The Heritability of Endometriosis: What Twin Studies Reveal

The strongest evidence for a genetic basis comes from twin research. A landmark Australian study of 3,096 twins found that genetic factors account for 51% of the liability for developing endometriosis (Treloar et al., 1999). In that study, 2% of identical (monozygotic) twin pairs were concordant for the disease, compared to just 0.6% of fraternal (dizygotic) pairs -- a pattern consistent with significant genetic influence.

A follow-up analysis using the Swedish Twin Registry confirmed these findings, estimating heritability at approximately 47-52% (Saha et al., 2015). To put that in perspective, endometriosis is about as heritable as type 2 diabetes and more heritable than many common conditions people think of as "genetic."

Family studies tell a similar story. Simpson and colleagues first demonstrated a seven-fold increased risk of endometriosis in first-degree relatives of affected women compared to the general population (Simpson et al., 1981). More recent analyses suggest the risk increase may be as high as 10-fold for sisters and mothers of patients (Stefansson et al., 2002).

What this means in practical terms: if endometriosis runs in your family, your baseline risk is not the population average of 10%. It is substantially higher, and that information should shape how aggressively you and your doctor investigate pelvic symptoms.

Key Genes and Genomic Regions Linked to Endometriosis

Endometriosis is polygenic -- no single gene causes it. Instead, dozens of common genetic variants each contribute a small amount of risk. Genome-wide association studies (GWAS) have now identified 42 to 45 genomic loci significantly associated with the condition (Rahmioglu et al., 2023; FinnGen Consortium, 2024).

Here are the most well-replicated genes and regions:

• WNT4 (chromosome 1p36.12) -- One of the most consistently replicated endometriosis genes. WNT4 is critical for female reproductive tract development and hormone signaling. The risk allele of rs7521902 near WNT4 increases susceptibility with an odds ratio of approximately 1.20 (Nyholt et al., 2012). Variants at this locus also influence estrogen receptor binding, directly connecting genetic risk to the hormonal pathways driving the disease (Powell et al., 2024).
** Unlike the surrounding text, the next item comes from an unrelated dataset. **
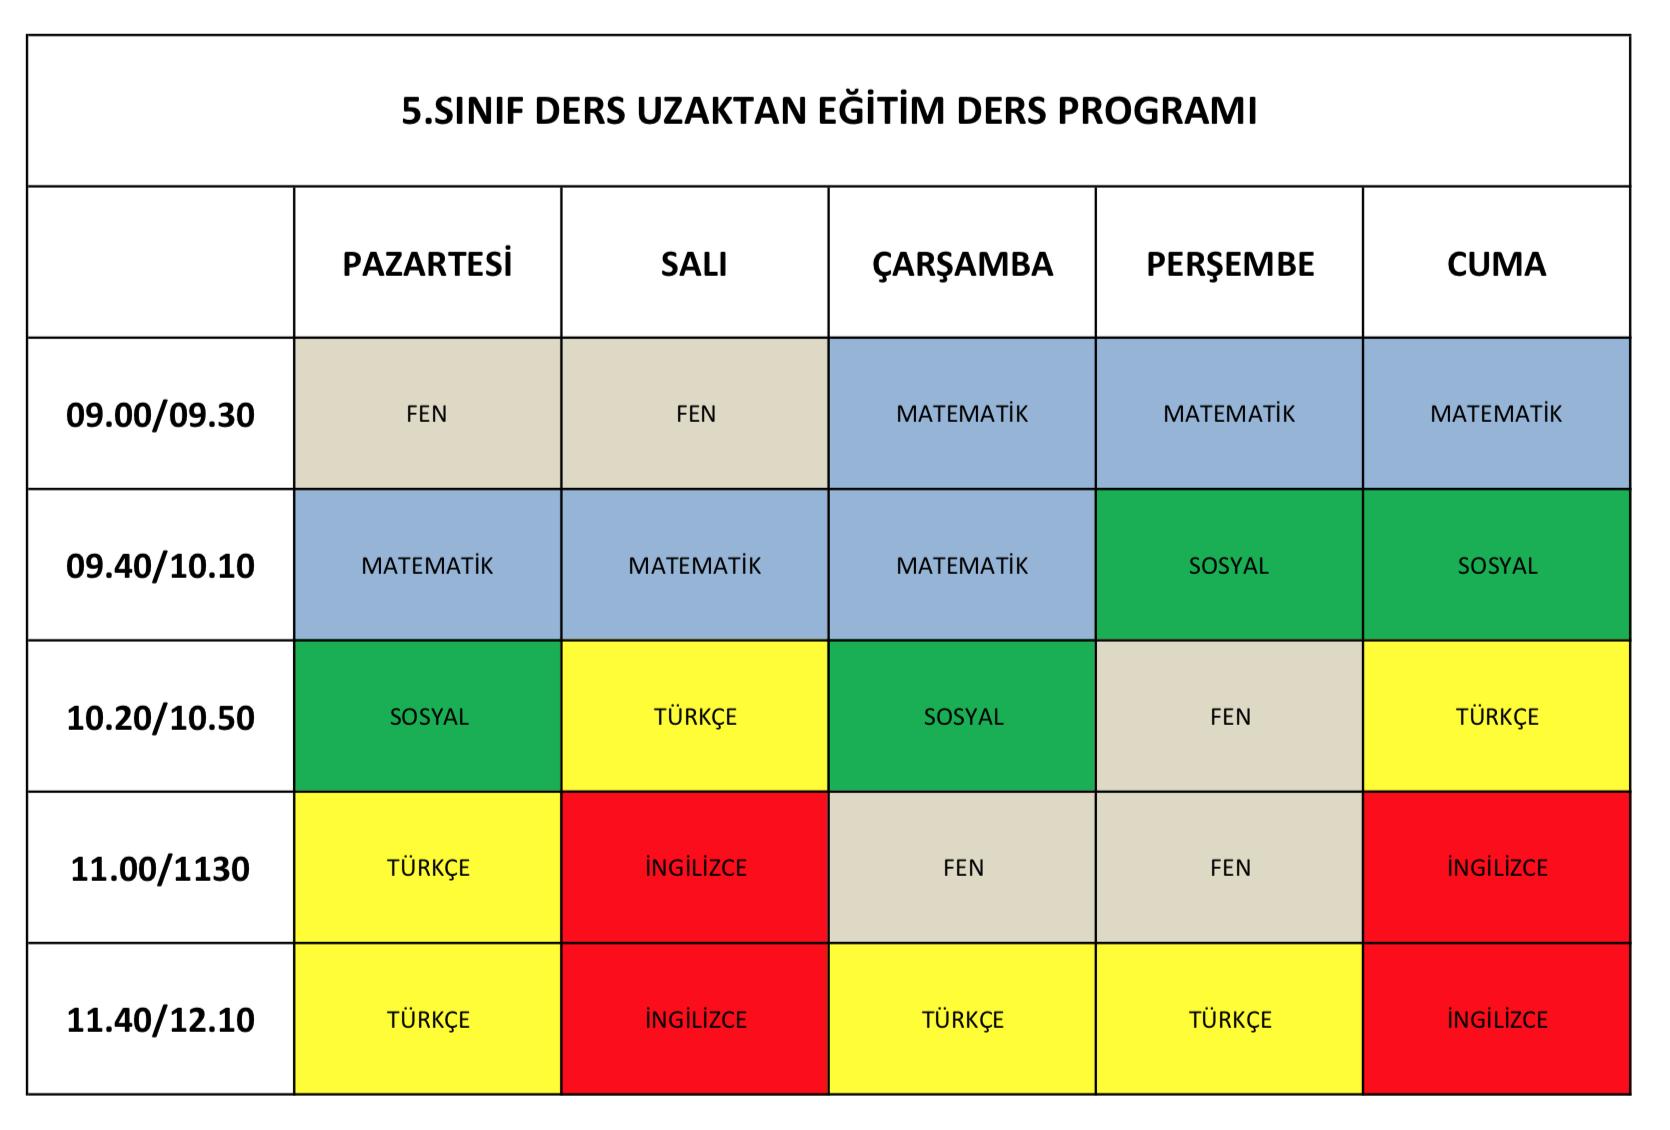 Etkin Kolej   Eskişehir Etkin Kolej Online Eğitim Canlı Ders Programı

• GREB1 (chromosome 2p25.1) -- Encodes a protein regulated by estrogen that promotes cell growth. The SNP rs13394619 in GREB1 is genome-wide significant for endometriosis, with an odds ratio around 1.15 (Nyholt et al., 2012). This gene is also implicated in breast cancer, suggesting shared estrogen-driven pathways.
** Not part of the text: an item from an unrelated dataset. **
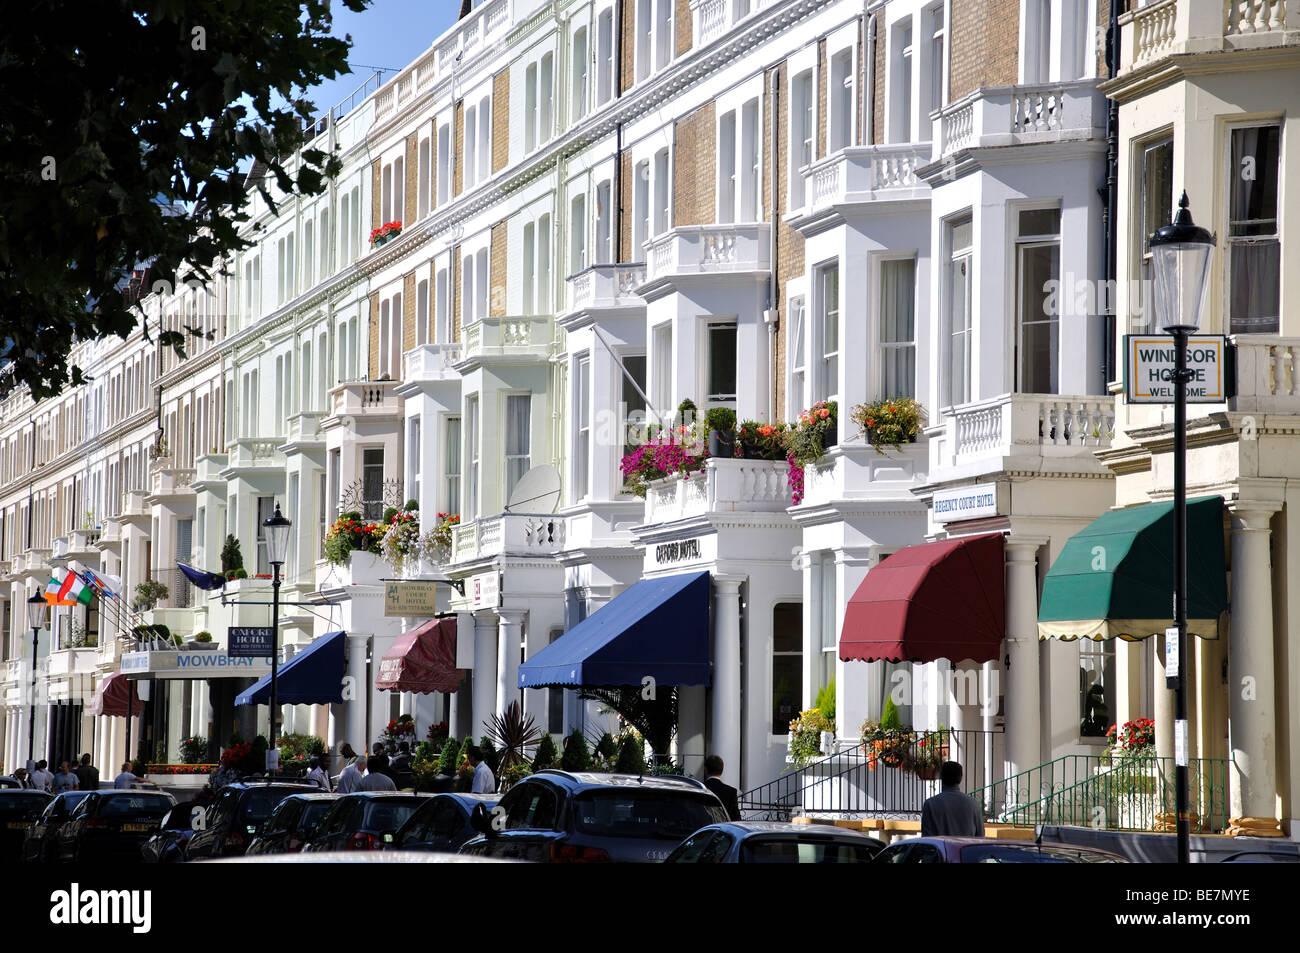 Hotels In London Kensington Area

• VEZT (chromosome 12q22) -- Encodes vezatin, a cell adhesion protein. The variant rs10859871 near VEZT shows one of the strongest associations with endometriosis (OR = 1.20, P = 4.7 x 10^-15), and may influence how endometrial cells attach to surfaces outside the uterus (Nyholt et al., 2012).

• CDKN2B-AS1 (chromosome 9p21.3) -- This region is a known risk locus for multiple diseases including heart disease and type 2 diabetes. The variant rs1537377 is associated with endometriosis and may influence cell cycle regulation and tissue growth (Painter et al., 2011).

• FN1 (chromosome 2q35) -- Encodes fibronectin, a protein involved in cell adhesion and tissue remodeling. Variants in this region have been linked specifically to ovarian endometriosis (Rahmioglu et al., 2014).

• ESR1 (chromosome 6q25.1) -- The estrogen receptor alpha gene. Risk variants here overlap with breast cancer susceptibility loci, reinforcing the role of estrogen signaling in endometriosis pathology (Sapkota et al., 2017).

• IL1A (chromosome 2q13) -- Encodes interleukin-1 alpha, an inflammatory cytokine. This locus highlights the immune and inflammatory component of endometriosis risk (Sapkota et al., 2017).

How Genetics and Hormones Interact

The genetic architecture of endometriosis points overwhelmingly toward estrogen signaling and hormone metabolism as central disease mechanisms. Many of the identified risk loci -- WNT4, GREB1, ESR1 -- are directly involved in how cells respond to estrogen (Gallagher et al., 2022).

This makes biological sense. Endometriotic lesions are estrogen-dependent: they grow in response to estrogen and shrink when estrogen is suppressed (as with hormonal treatments like GnRH agonists). Women with endometriosis often show altered local estrogen production within lesions, creating a self-sustaining hormonal environment even when systemic estrogen levels are normal (Bulun et al., 2019).

Genetic variants likely influence endometriosis risk by subtly shifting how efficiently cells produce, respond to, and break down estrogen. A woman who inherits several risk alleles across these hormone-related genes may have endometrial cells that are slightly more responsive to estrogen, slightly more adhesive, and slightly more resistant to immune clearance -- a combination that tips the balance toward disease over time.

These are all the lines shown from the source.